What to produce:
Print the listing exactly as it stands. Skip every picture.

Data shown:
· · · · · · ·

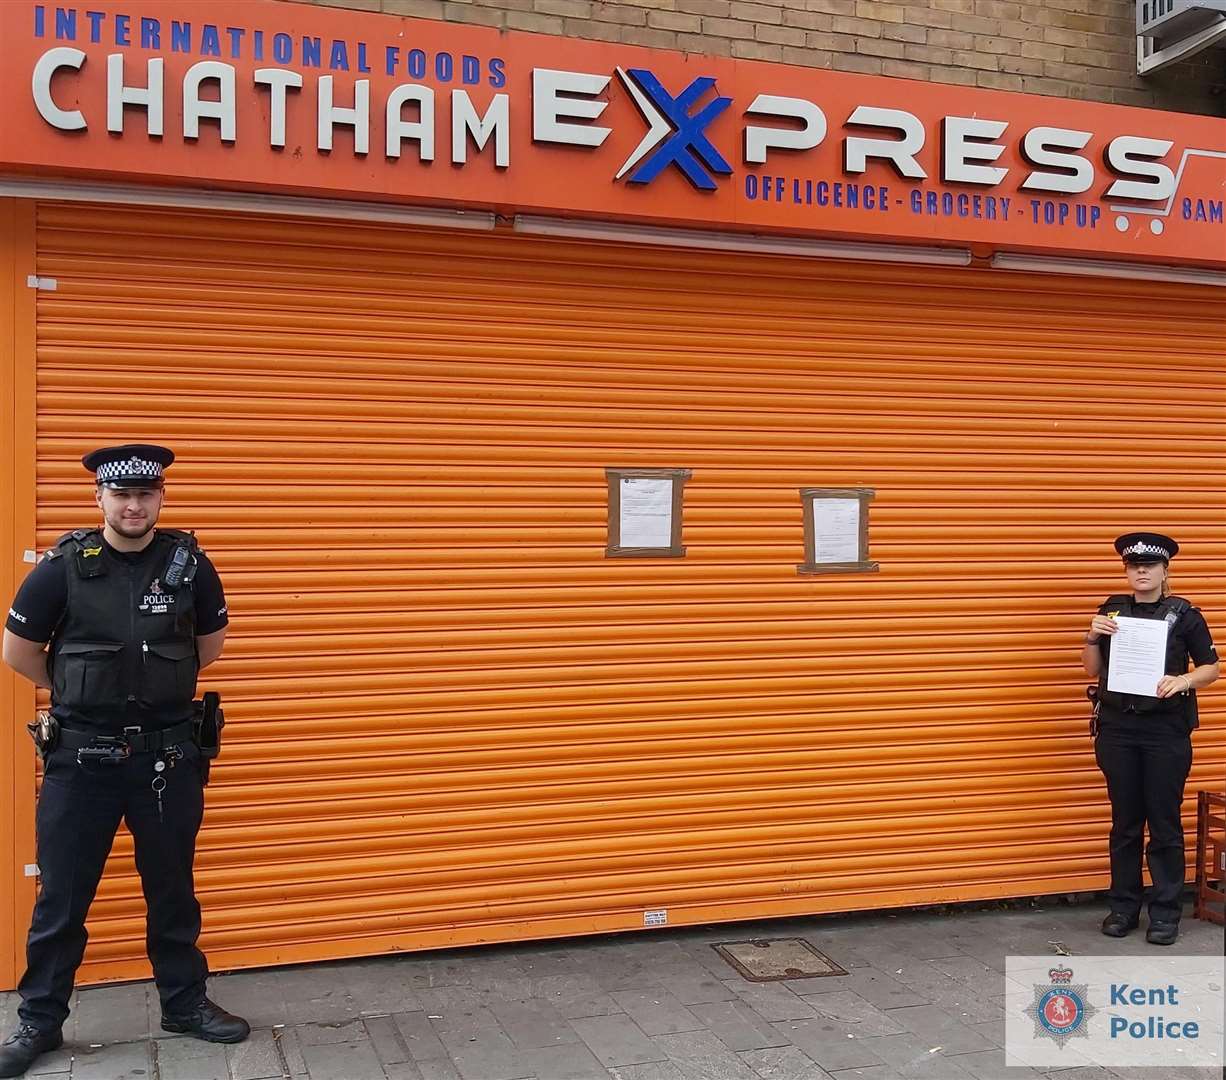 The Chatham Express store in the town's High Street has been shut following a court order. Picture: Kent Police
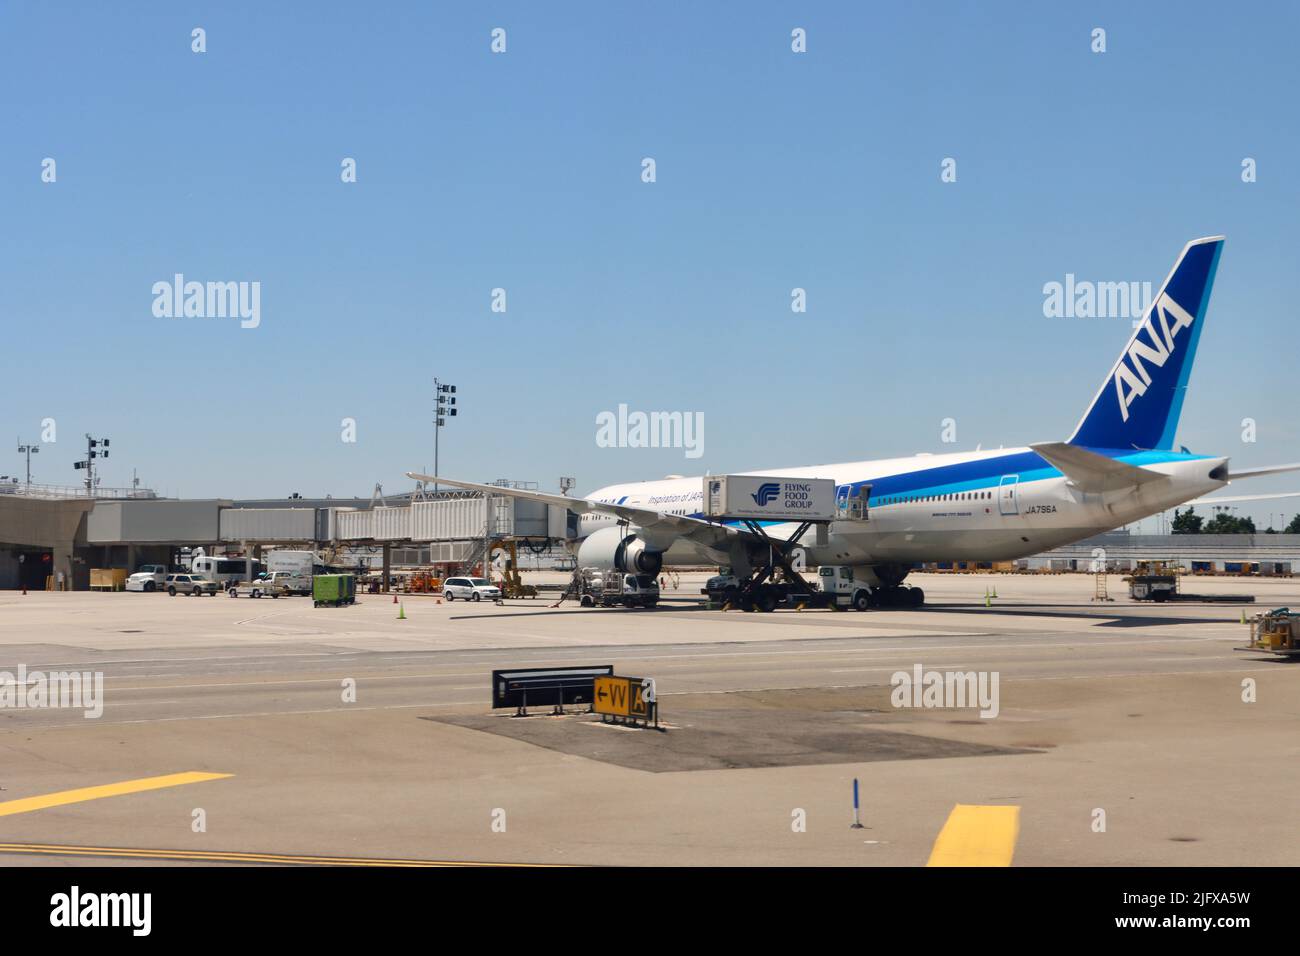 ANA plane parked at JFK airport on June 6th 2022 Stock Photo
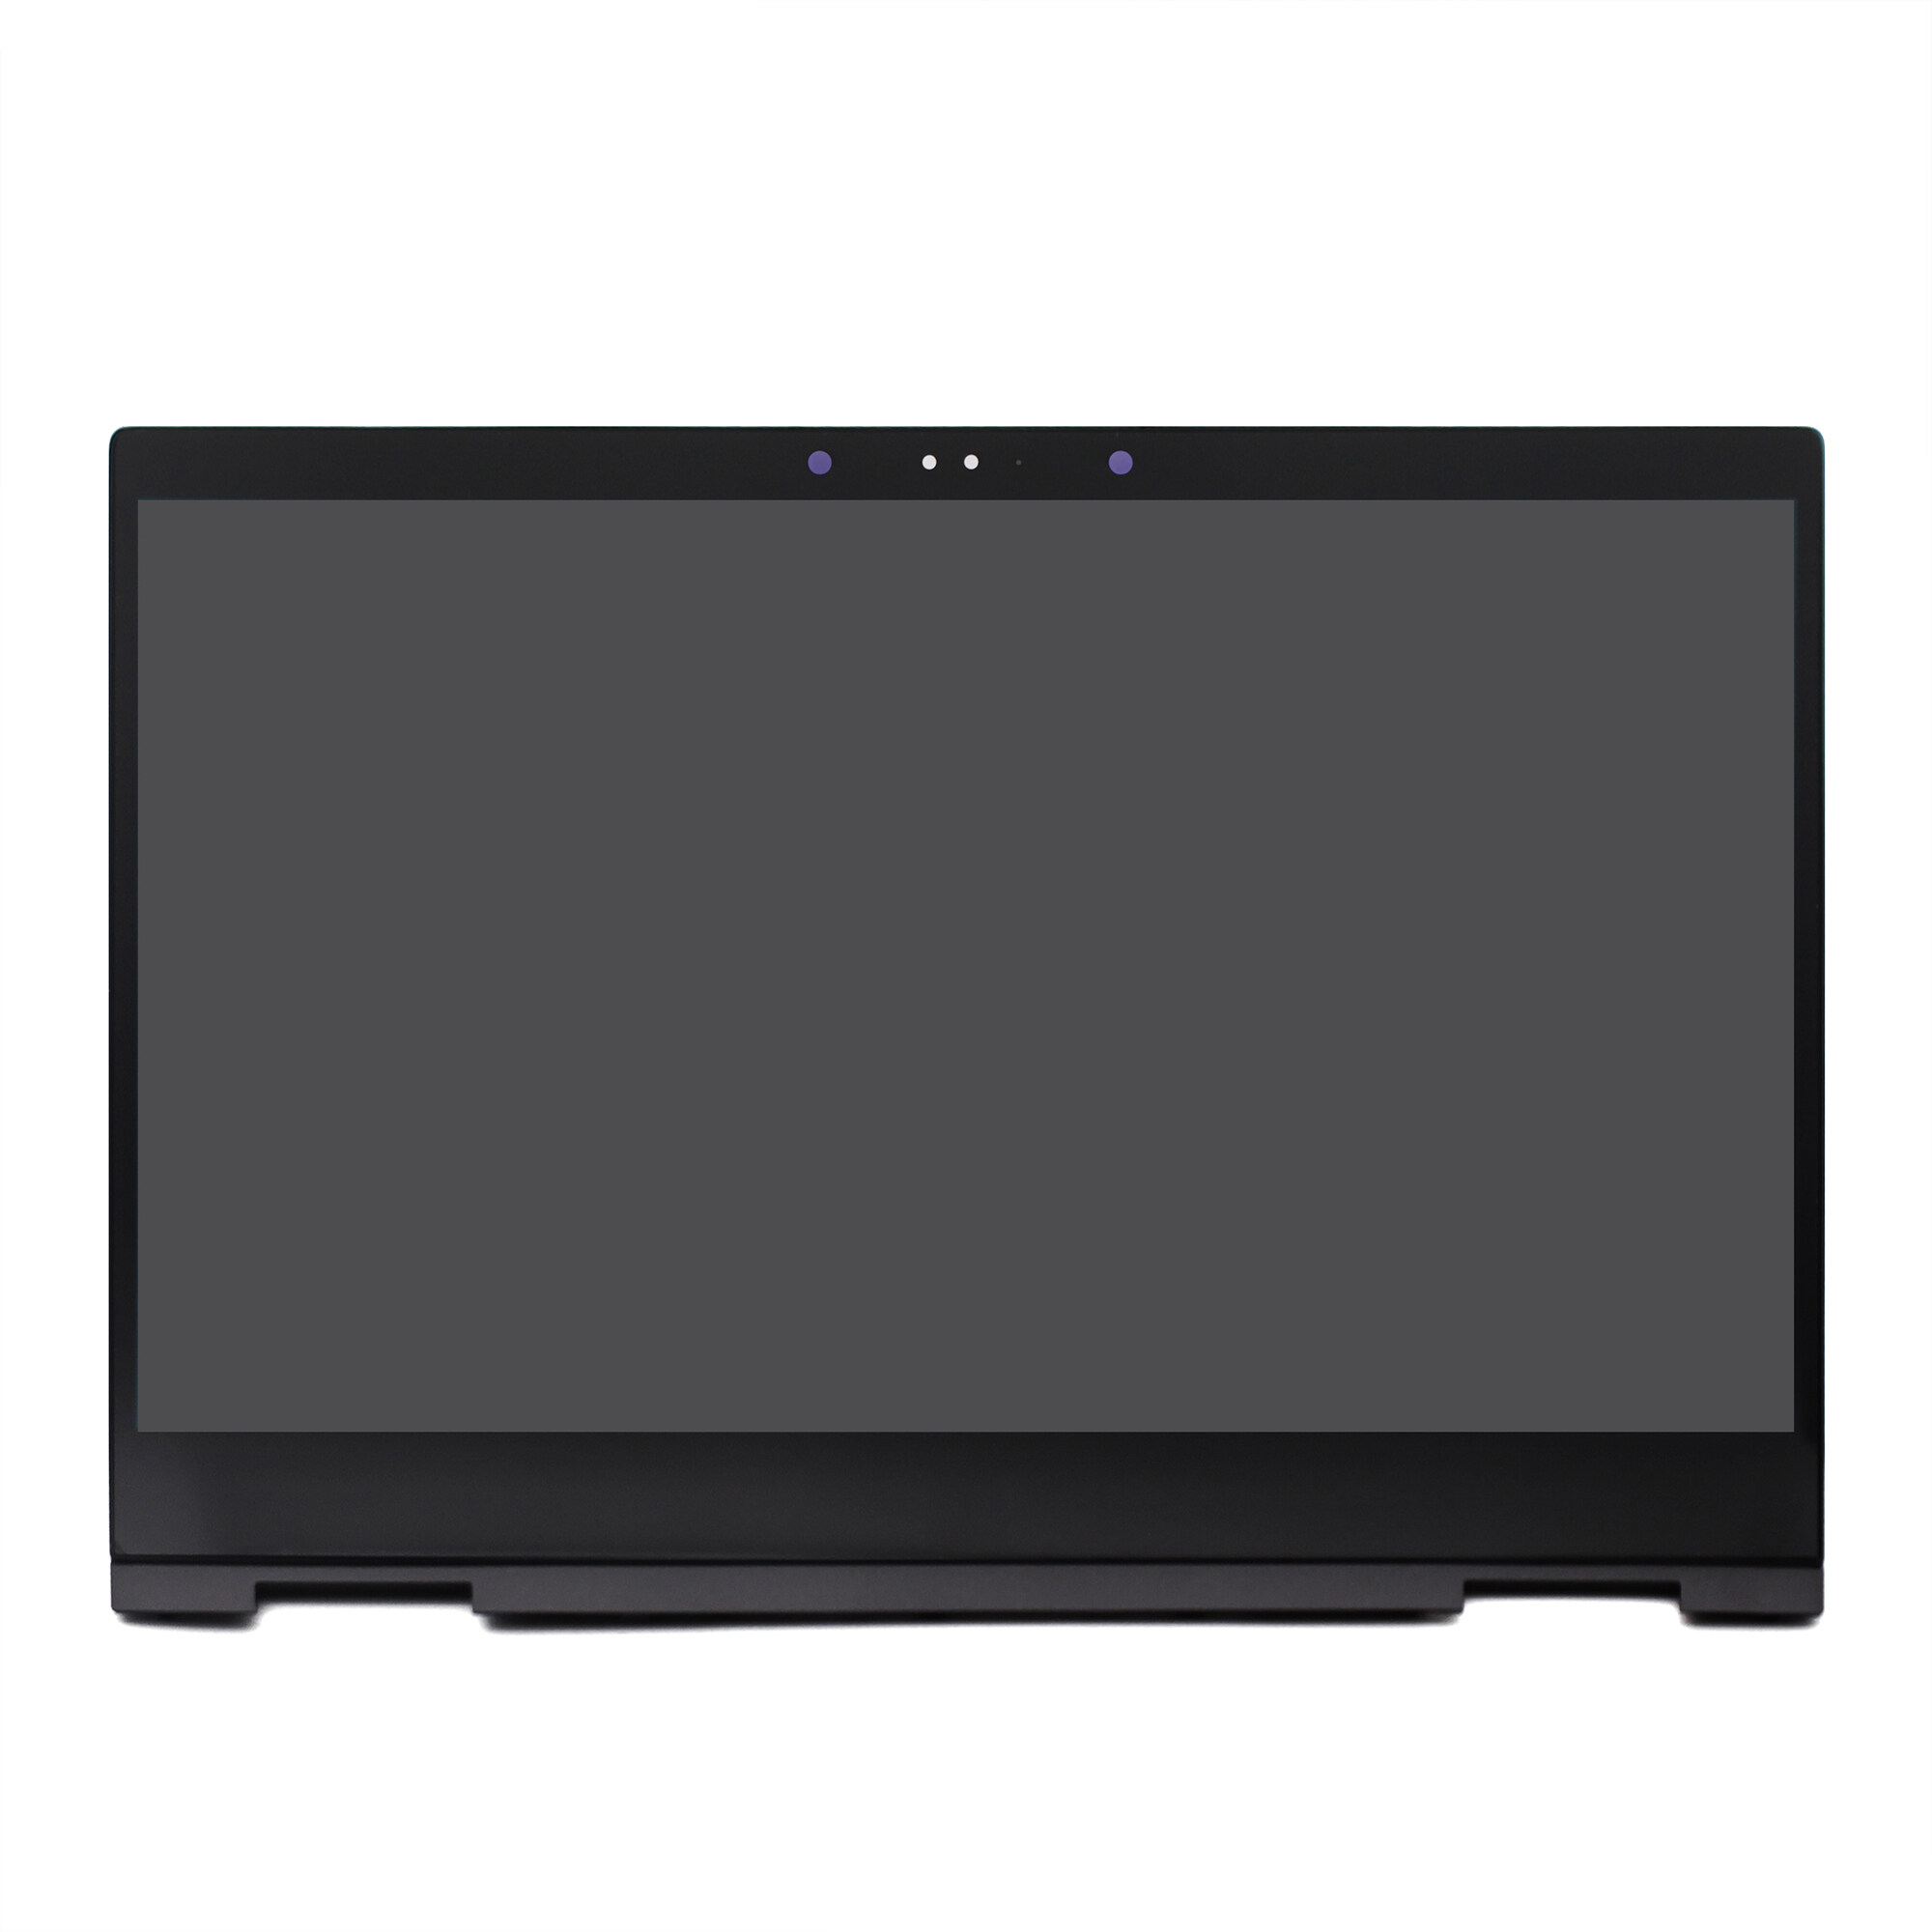 Kreplacement 13.3" Laptop LED LCD Touch Screen Assembly With Bezel For HP Evny x360 13-ag series 1920x1080

· · · · · · ·

Output below:
 The Chatham Express store in the town's High Street has been shut following a court order. Picture: Kent Police
 ANA plane parked at JFK airport on June 6th 2022 Stock Photo
 Kreplacement 13.3" Laptop LED LCD Touch Screen Assembly With Bezel For HP Evny x360 13-ag series 1920x1080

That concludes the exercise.